Investigasi Dugaan Penyiksaan Tahanan Narkoba di Batam

Merespon kematian Hendri Alfred Bakari, tahanan Satnarkoba Polresta Barelang, Batam, Kepulauan Riau, Direktur Eksekutif Amnesty International Indonesia Usman Hamid menyatakan:

“Kondisi jenazah yang tubuhnya memperlihatkan bekas luka penyiksaan memang menimbulkan tanda tanya. Polisi harus menyelidiki kejanggalan yang disampaikan pihak keluarga atas kematian Hendri. Jika memang dugaan penyiksaan benar adanya, maka ini harus diusut tuntas.”

“Tidak ada yang boleh mengalami penyiksaan dan segala tindakan yang tidak manusiawi serta merendahkan martabat manusia. Kami mendesak Polresta Barelang untuk melakukan investigasi secara menyeluruh, imparsial, efektif dan transparan terhadap penyebab kematian Hendri.”

“Aparat penegak hukum juga harus menjamin bahwa mereka tidak akan menggunakan kekerasan atau bentuk penyiksaan apapun selama proses pemeriksaan saksi atau tersangka dalam kasus manapun. Informasi atau pengakuan yang diperoleh dari siksaan, bukan hanya melanggar HAM, tapi juga hasilnya bisa keliru sekali. Orang mengaku lebih karena tidak tahan menahan rasa sakit.”

Latar belakang

Berdasarkan pemberitaan media, pihak keluarga menemukan Hendri Alfred Bakari (38) dalam kondisi tak bernyawa di Rumah Sakit Budi Kemuliaan, Batam, pada tanggal 8 Agustus 2020. Sebelum berada di rumah sakit tersebut, Hendri diamankan oleh Satnarkoba Polresta Barelang, Batam, Kepulauan Riau karena diduga memiliki sabu dalam jumlah besar dan sedang menjalani pemeriksaan di sana.

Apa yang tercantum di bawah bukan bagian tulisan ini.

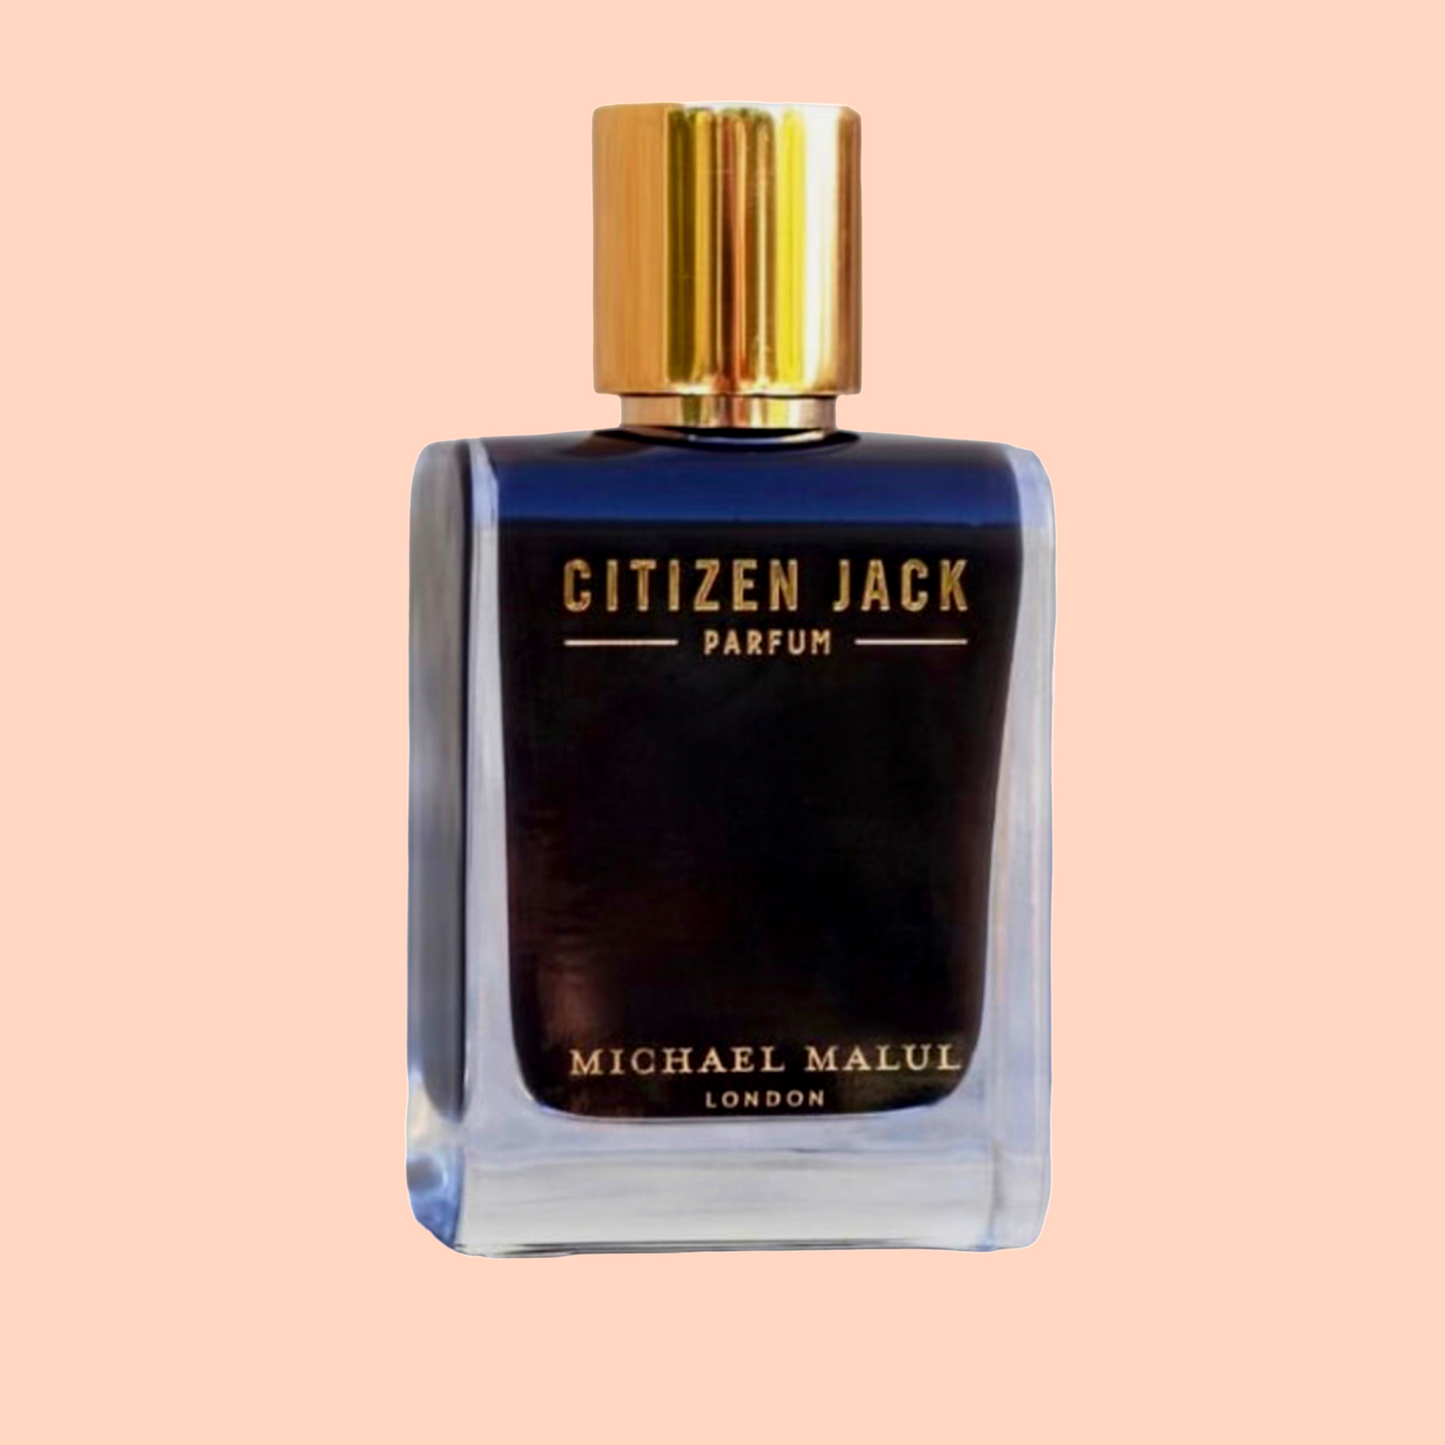 Citizen Jack (Unisex) Parfum by Michael Malul

Kepada media, keluarga mengaku pihaknya merasakan adanya kejanggalan atas kematian Hendri karena perban di kepalanya, pembungkus plastik yang menutupi kepalanya serta lebam di kakinya. Padahal, sebelum menjalani pemeriksaan polisi, keluarga mengatakan Hendri berada dalam keadaan sehat tanpa gangguan kesehatan.

Kabid Humas Polda Kepulauan Riau mengatakan kepada Amnesty bahwa Hendri mengeluhkan sesak nafas sebelum penyidik membawanya ke rumah sakit. Namun, nenurut polisi, Hendri berpulang saat ia tengah diberi bantuan medis di IGD RS Budi Kemuliaan. Polisi mengatakan bahwa jenazah Hendri telah melaluo proses otopsi pada tanggal 10 Agustus dan saat ini polisi dan keluarga masih menunggu hasil otopsi oleh pihak rumah sakit.

Amnesty mengingatkan bahwa segala bentuk penyiksaan telah secara tegas dilarang dalam berbagai instrumen perlindungan HAM, termasuk Pasal 7 Kovenan Internasional tentang Hak Hak Sipil dan Politik (ICCPR), yang telah diratifikasi melalui UU No. 12/2005 dan Pasal 7 Konvensi Menentang Penyiksaan dan Perlakukan atau Penghukuman Lain yang Kejam, Tidak Manusiawi, atau Merendahkan Martabat Manusia (CAT), yang telah diratifikasi melalui UU No. 5/1998.

Selain itu, hak untuk tidak disiksa juga telah dijamin dalam Konstitusi, yaitu Pasal 28I UUD 1945, dan Pasal 4 UU No. 39/1999 tentang Hak Asasi Manusia. Bahkan di tingkat kepolisian sekalipun, larangan untuk melakukan penyiksaan, intimidasi, ancaman, siksaan fisik, psikis ataupun seksual telah diatur dalam Pasal 11 ayat (1) huruf b dan Pasal 13 ayat (1) huruf a Peraturan Kepala Kepolisian Republik Indonesia No. 8/2009 tentang Implementasi Prinsip dan Standar Hak Asasi Manusia dalam Penyelenggaraan Tugas Kepolisian Negara Republik Indonesia.